▸ TASK INSTRUCTIONS: Would you transcribe the listing that follows word for word, skipping pictures?

▸ SUPPLIED DATA:
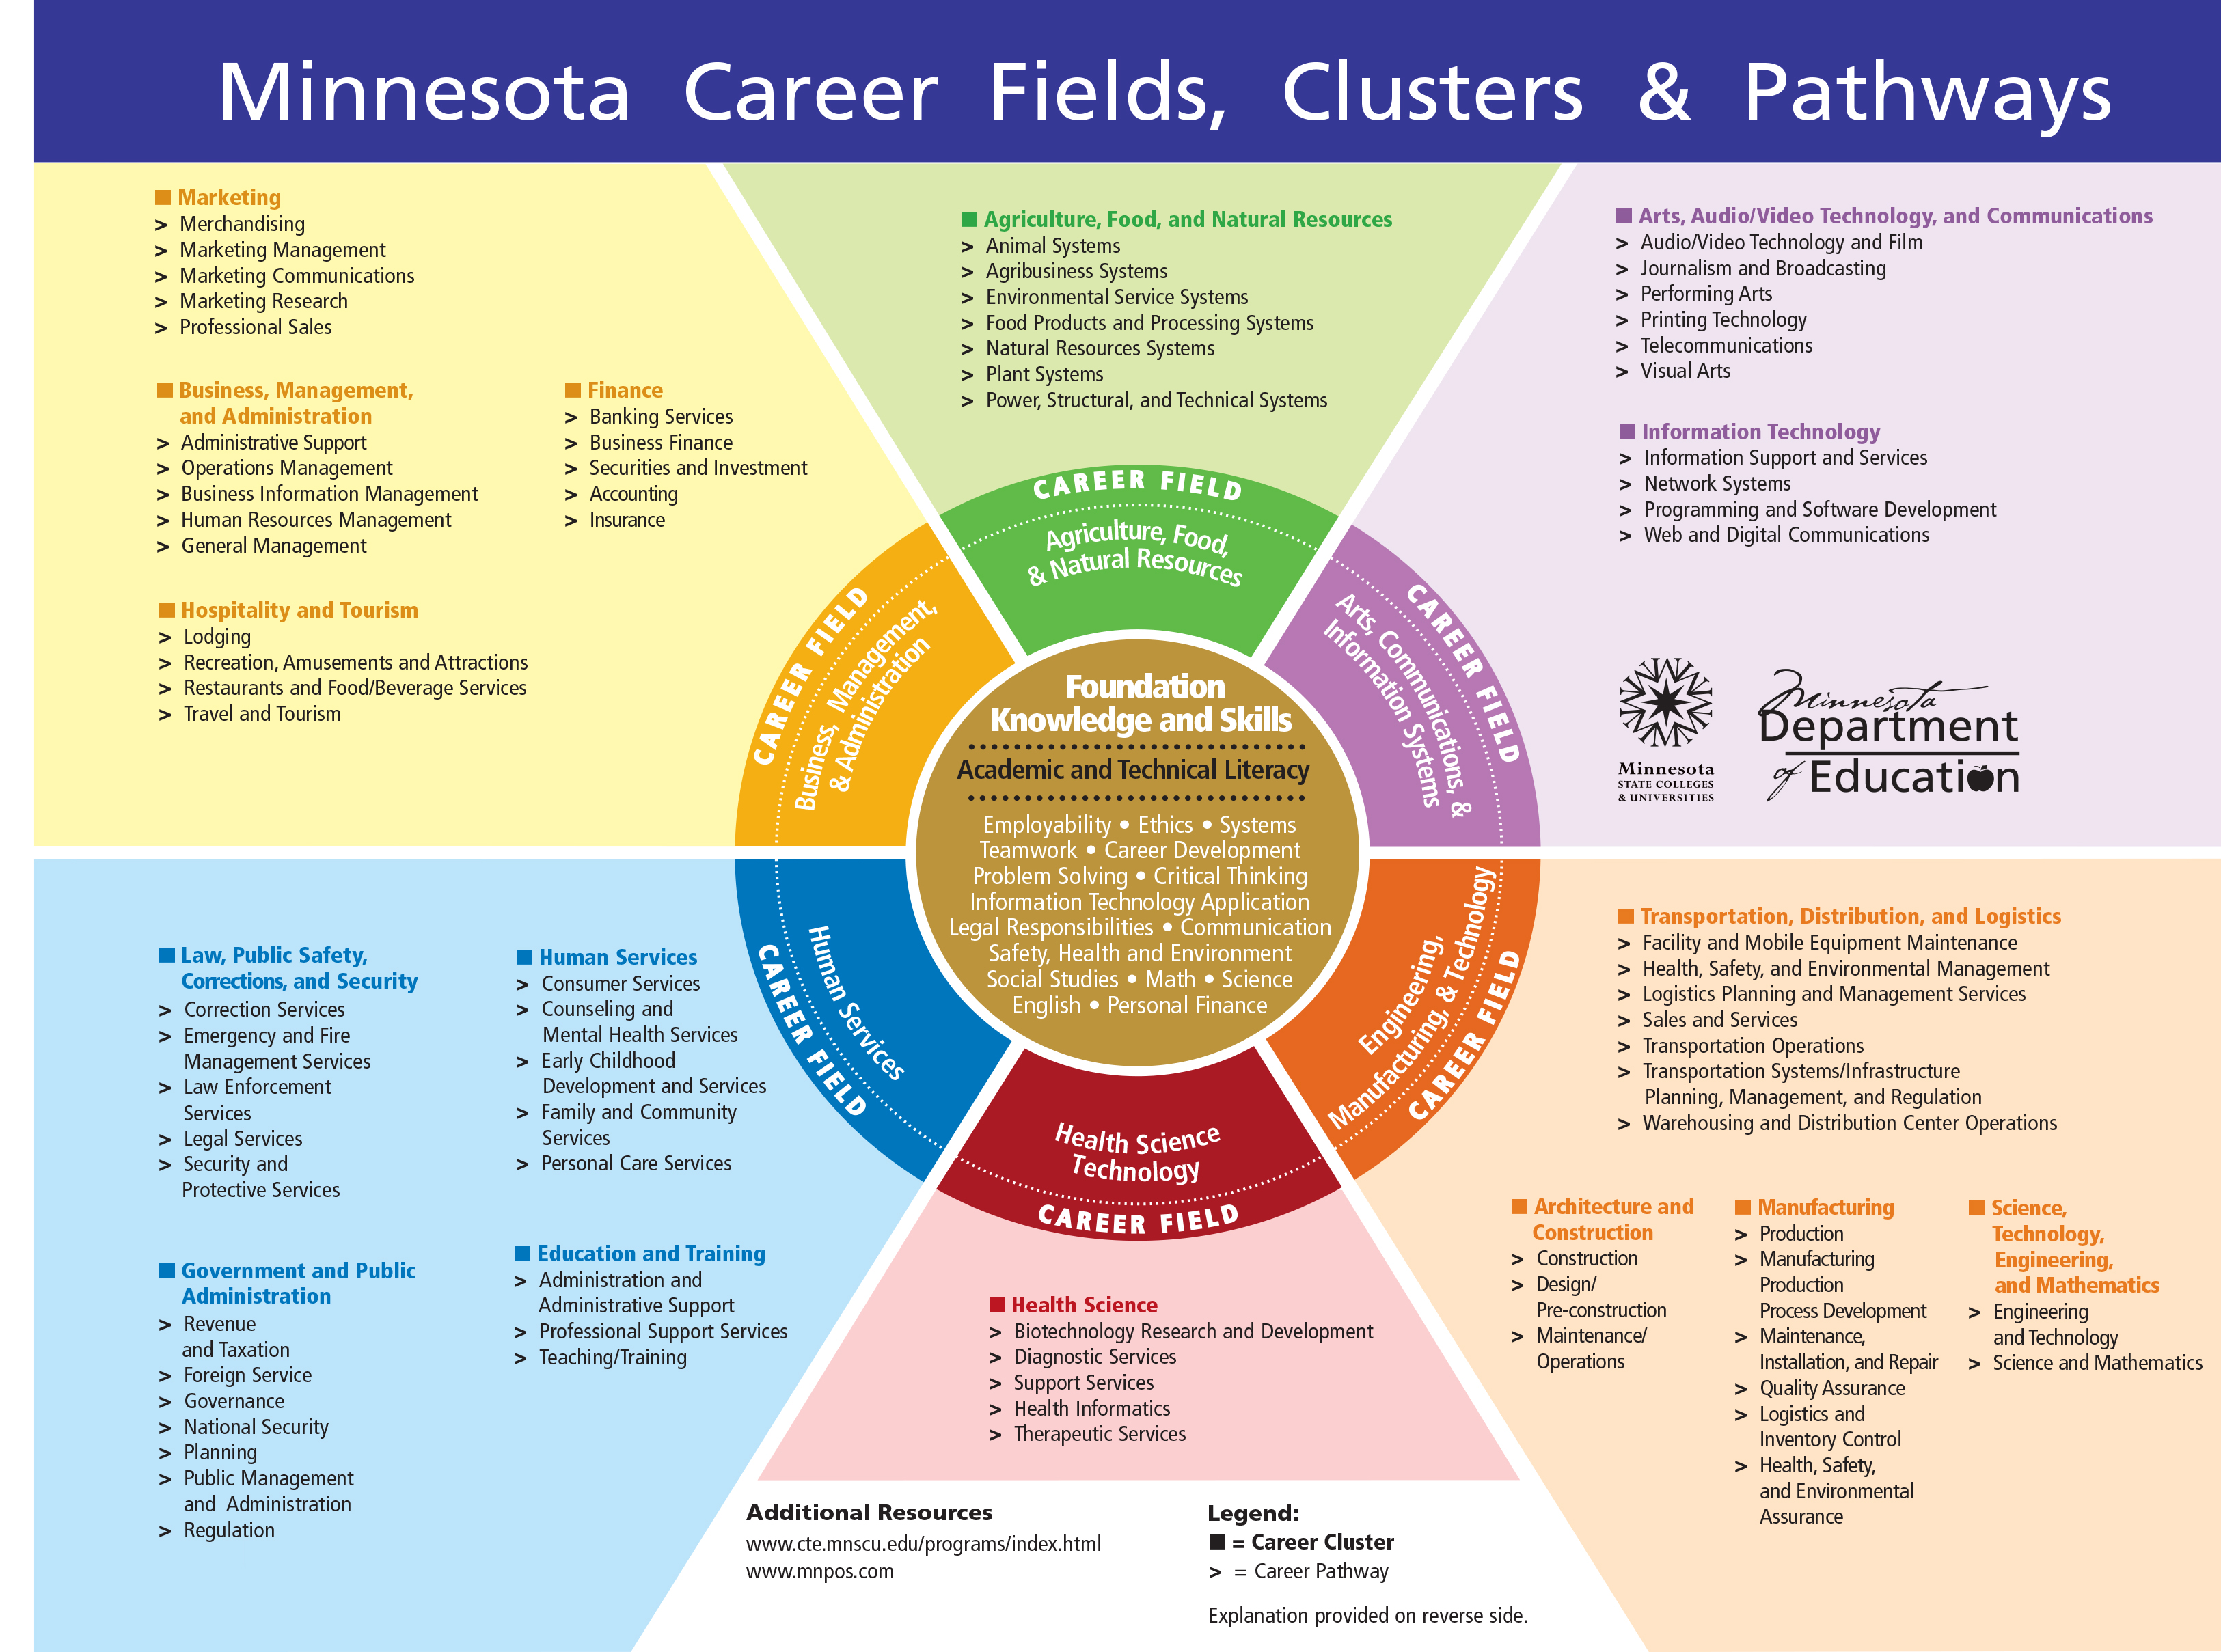 MN Career Fields, Clusters, & Pathways Chart
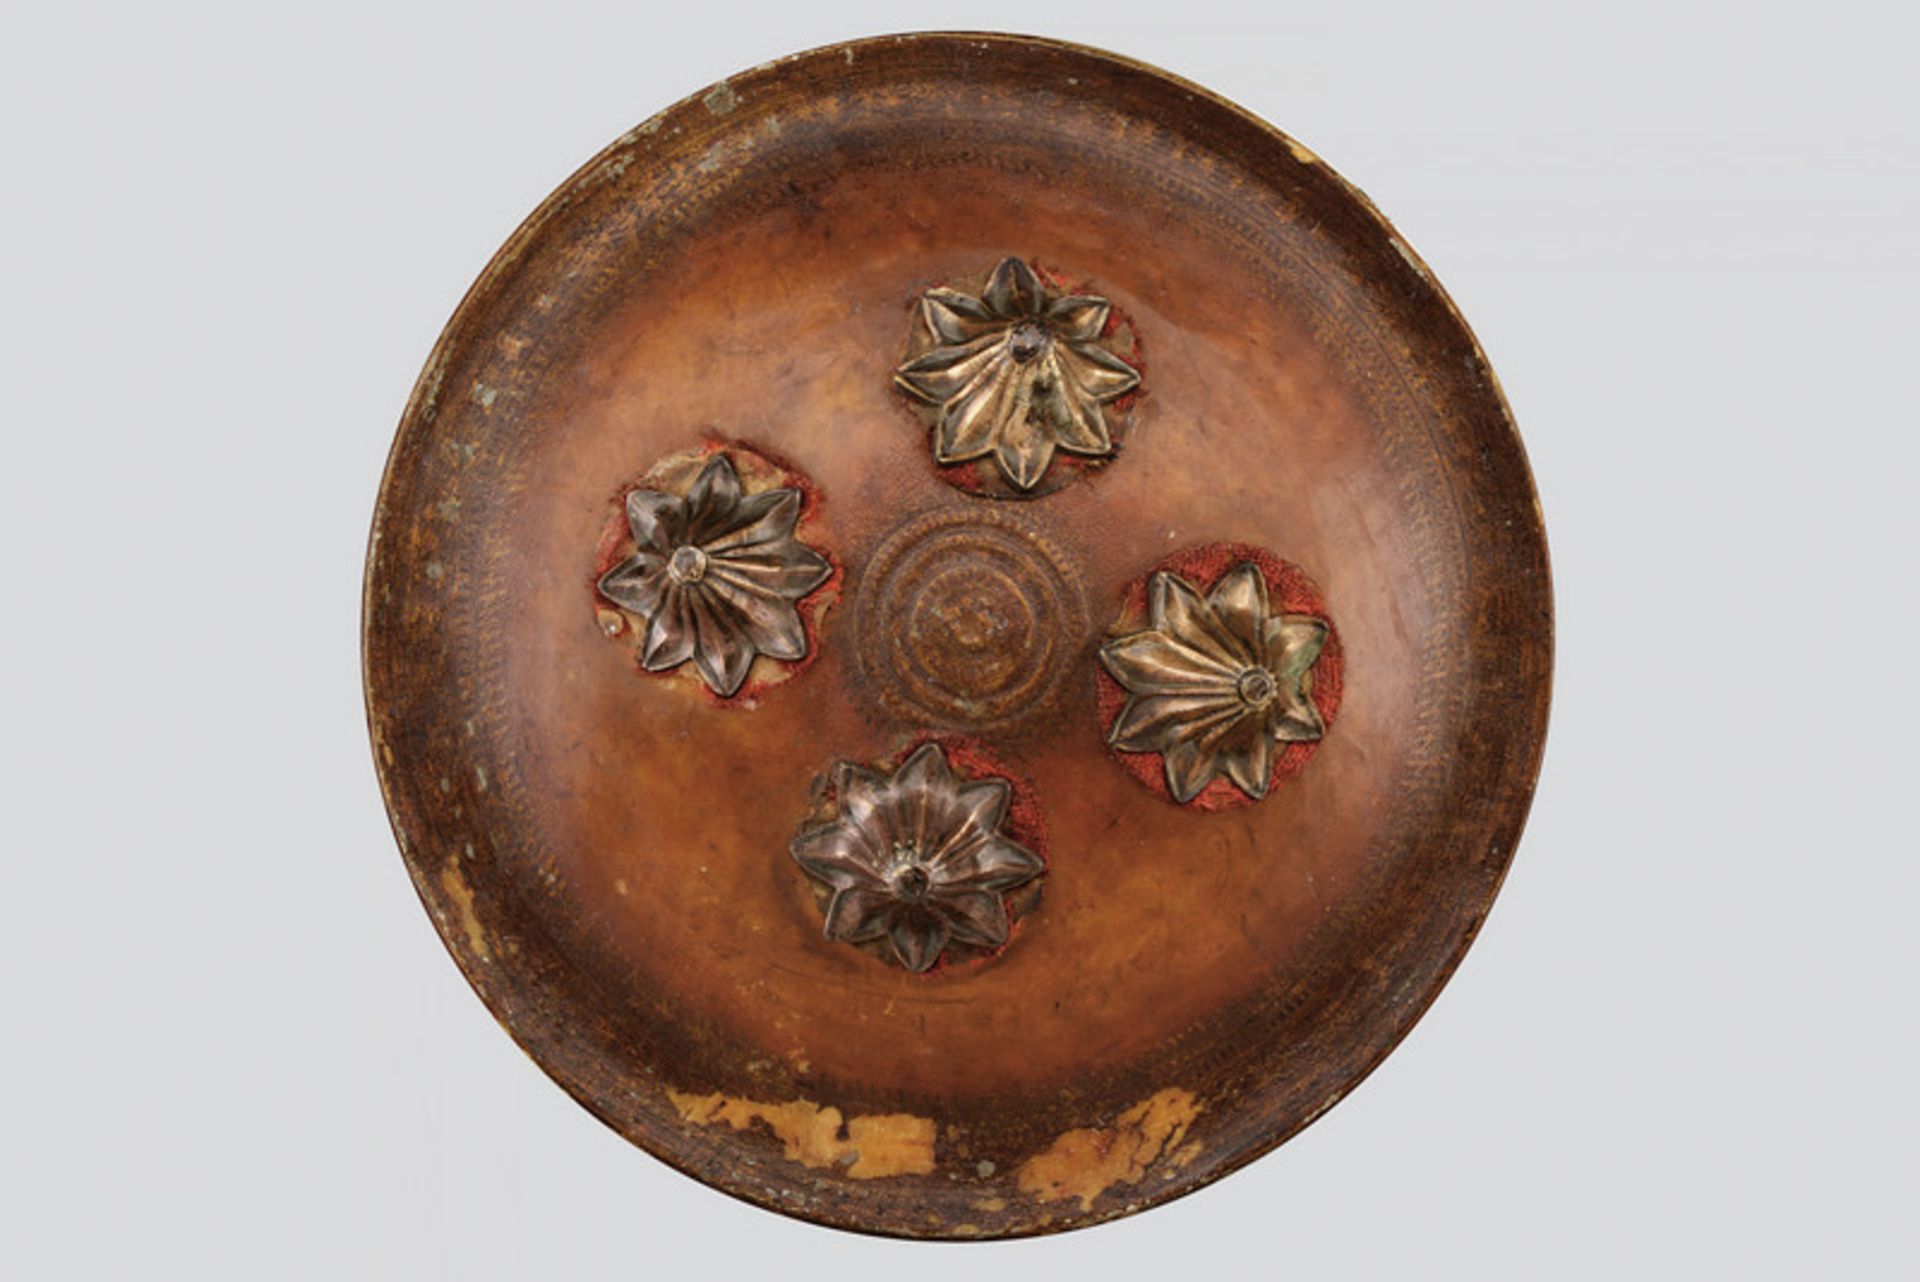 A small dahl dating: first quarter of the 19th Century provenance: India Of round, convex shape; - Image 3 of 3
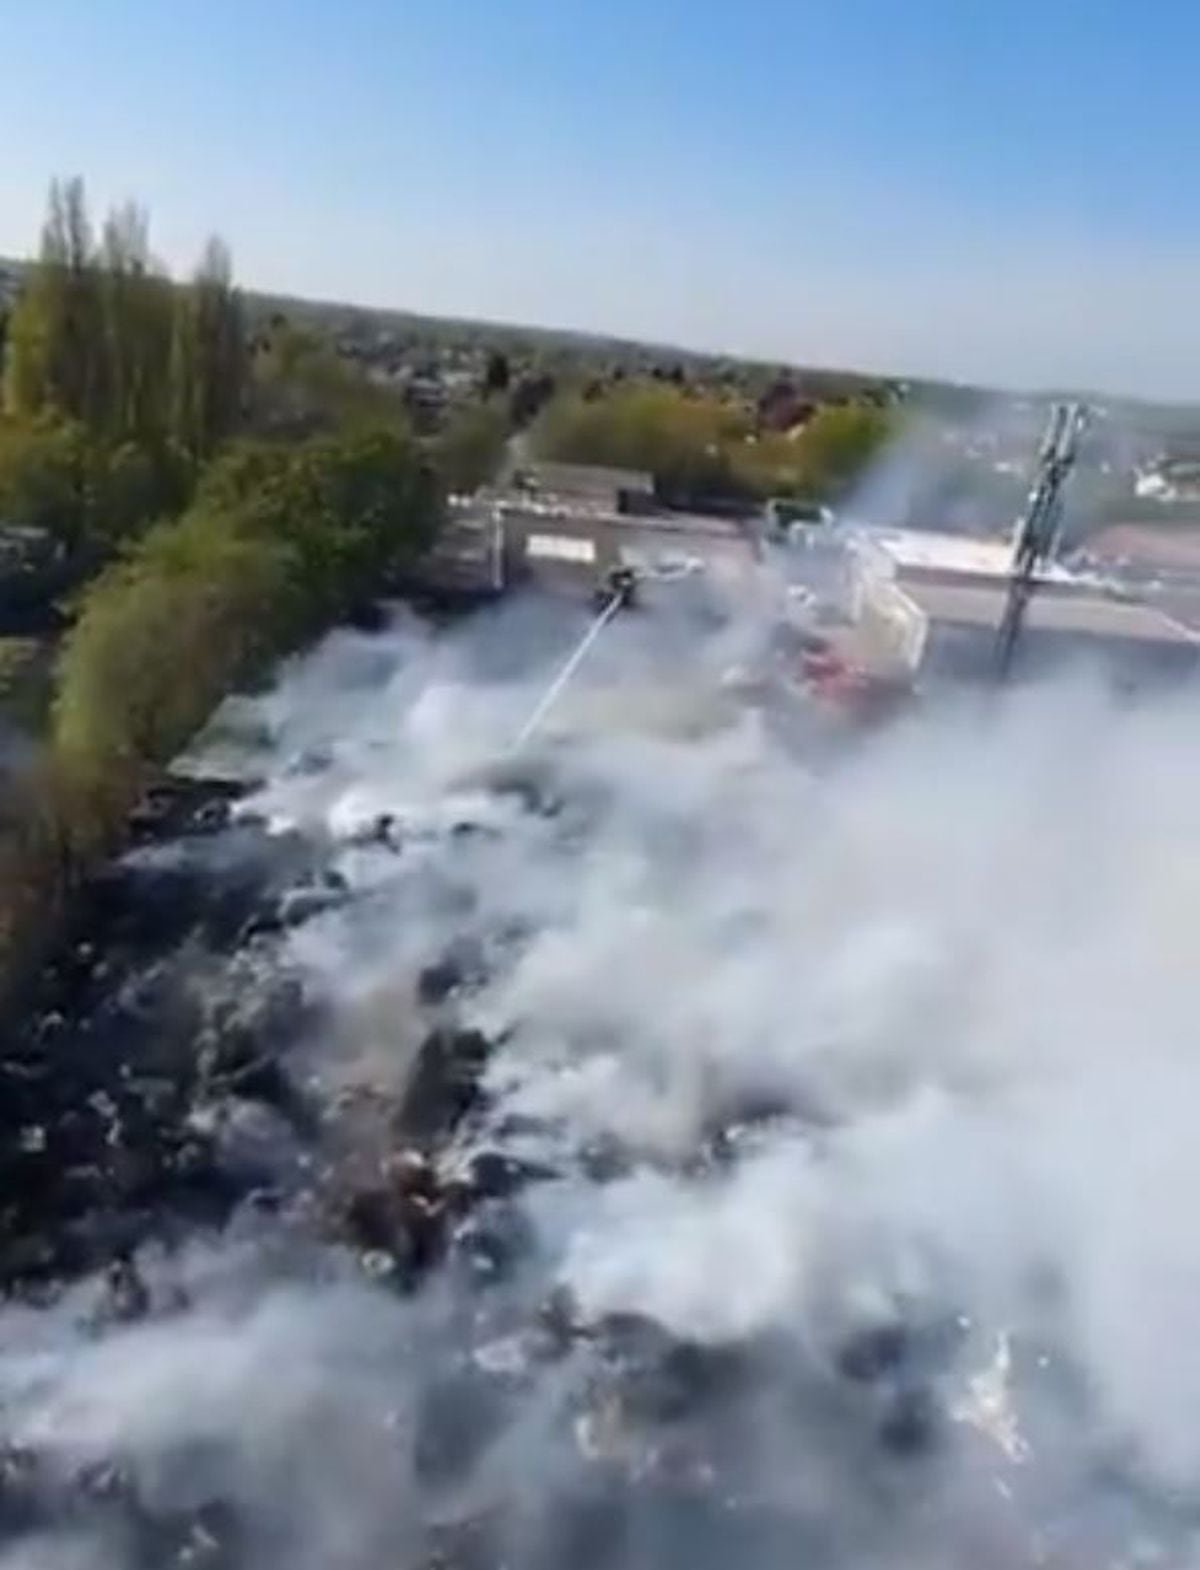 West Midlands Fire Service drone footage from above the blaze

▸ FINISHED EXERCISE:
 MN Career Fields, Clusters, & Pathways Chart
 A small dahl dating: first quarter of the 19th Century provenance: India Of round, convex shape; - Image 3 of 3
 West Midlands Fire Service drone footage from above the blaze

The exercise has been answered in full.